It's always possible. It may be more difficult for some than others, but it's always possible because two backdoors are strongly-linked by definition. Another way to see it is that if you assume a backdoor false it's a contradiction, and a contradiction can be forced to imply anything.

Other backdoors (5r1c7; 4r2c7; 6r2c6; 1r2c3; 5r2c1; 6r1c1) do not have this property.

A counter-example:

(5)r1c7 = (5,6|1)r12c1 - (1)(r12c1 & r3c3) = (1)r9c1|r3c9 -singles-> (5)r1c7 => +5r1c7; stte

In fact, since we know that any backdoor is always strongly linked to any other backdoor, why bother to demonstrate it any more than the fact that any backdoor implies any other backdoor? We could skip that part too and write our solution simply:

(5)r1c7 == (1)r9c1 -> (5)r1c7 => +5r1c7; stte

Then again, since we know that a backdoor is a backdoor, we could simplify that even further:

+5r1c7; stte

Absurd, right? That's why this whole approach has the stink of circular reasoning. If you want to avoid it, you need to write the full logic for every part.
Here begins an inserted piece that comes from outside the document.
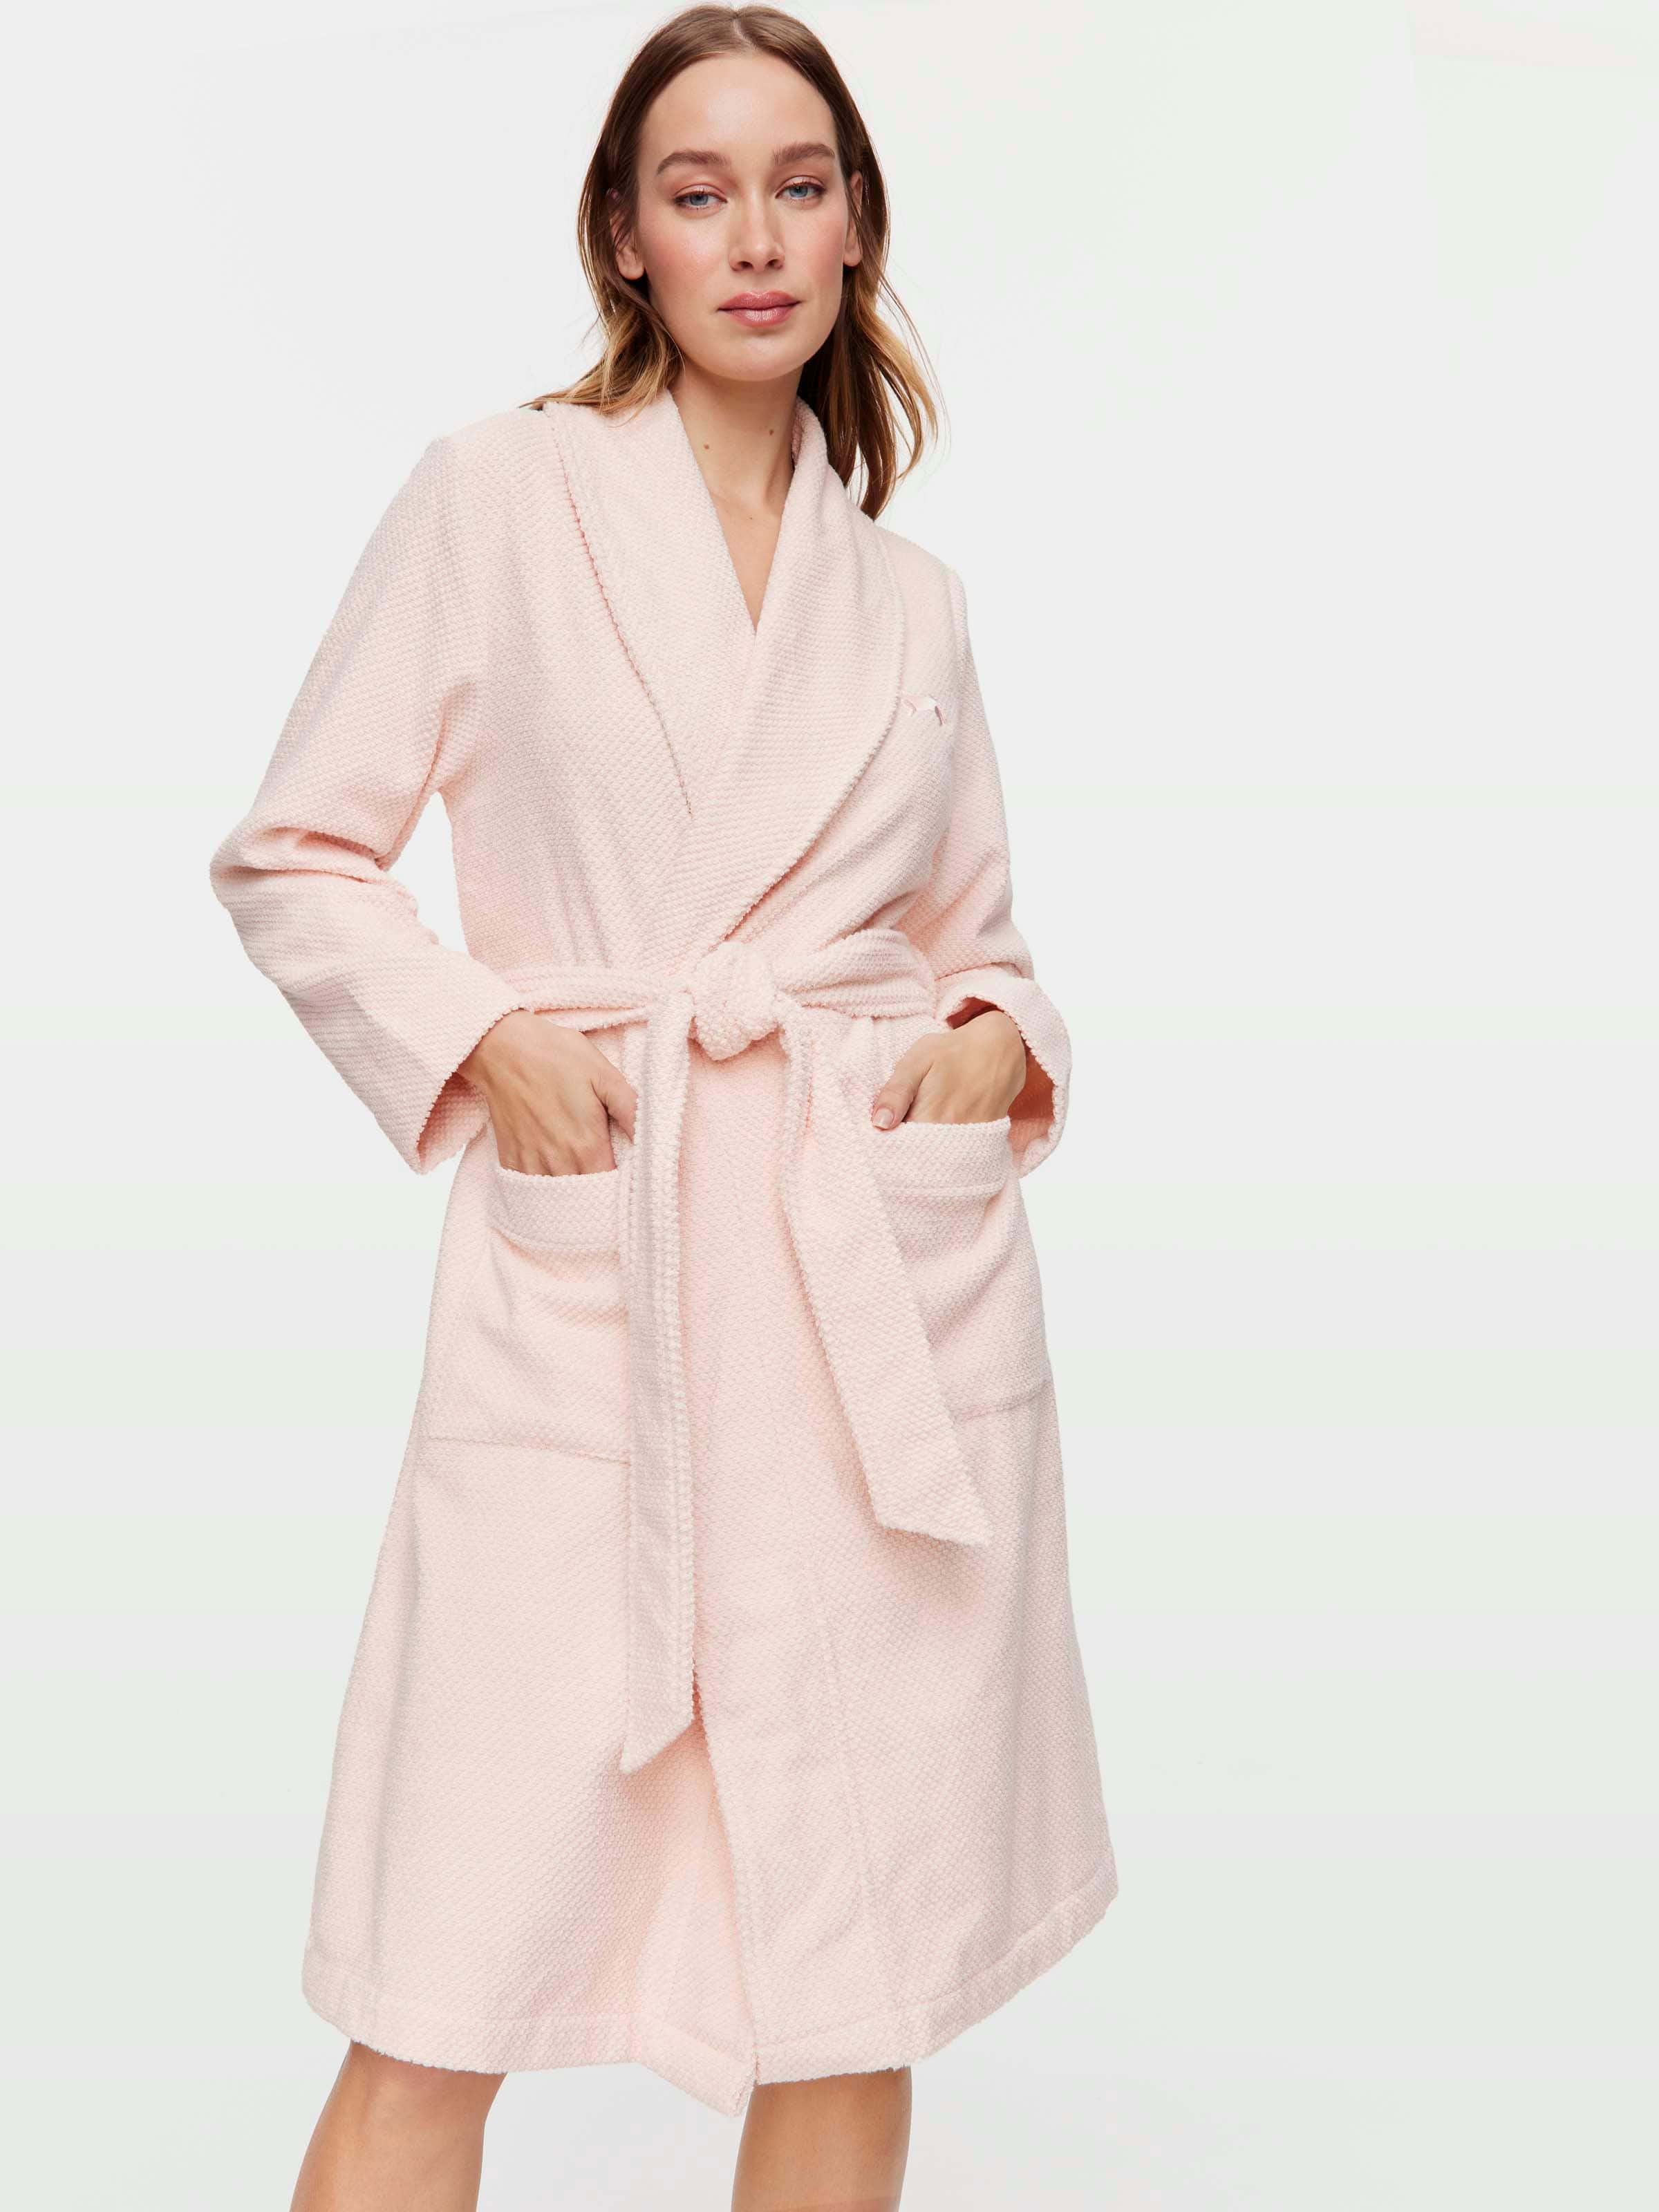 Womens Dressing Gowns  Robes  Sleepwear At Sussan

I know very well that two backdoors are linked by a strong inference, however this must be demonstrated because I have not used the knowledge that the two hypotheses are backdoors in the resolution. When I speak of proving that two backdoors are linked by a strong link, I am referring exclusively to what the theory demonstrates about an alternation of strong and weak inferences of single hypotheses http://brunogreco.free.fr/bazar/sudoku/ ... hains1.htm (Theorem 3). As for other types of chains with multiple hypotheses (or; and and others) I don't know if the theory leads to the same proof as theorem 3. The fact that you say that everything can be proved and the opposite of everything seems to me a good indication that theorem 3 is not valid for this type of chains.

Paolo
Ajò Dimonios

Posts: 196
Joined: 07 November 2019

### Re: August 1, 2020

Ajò Dimonios wrote:I know very well that two backdoors are linked by a strong inference

I figured you did. My point was just that proving that link is also possible for all such pairs, though it might be quite complicated for some.

however this must be demonstrated because I have not used the knowledge that the two hypotheses are backdoors in the resolution. When I speak of proving that two backdoors are linked by a strong link, I am referring exclusively to what the theory demonstrates about an alternation of strong and weak inferences of single hypotheses http://brunogreco.free.fr/bazar/sudoku/ ... hains1.htm (Theorem 3). As for other types of chains with multiple hypotheses (or; and and others) I don't know if the theory leads to the same proof as theorem 3. The fact that you say that everything can be proved and the opposite of everything seems to me a good indication that theorem 3 is not valid for this type of chains.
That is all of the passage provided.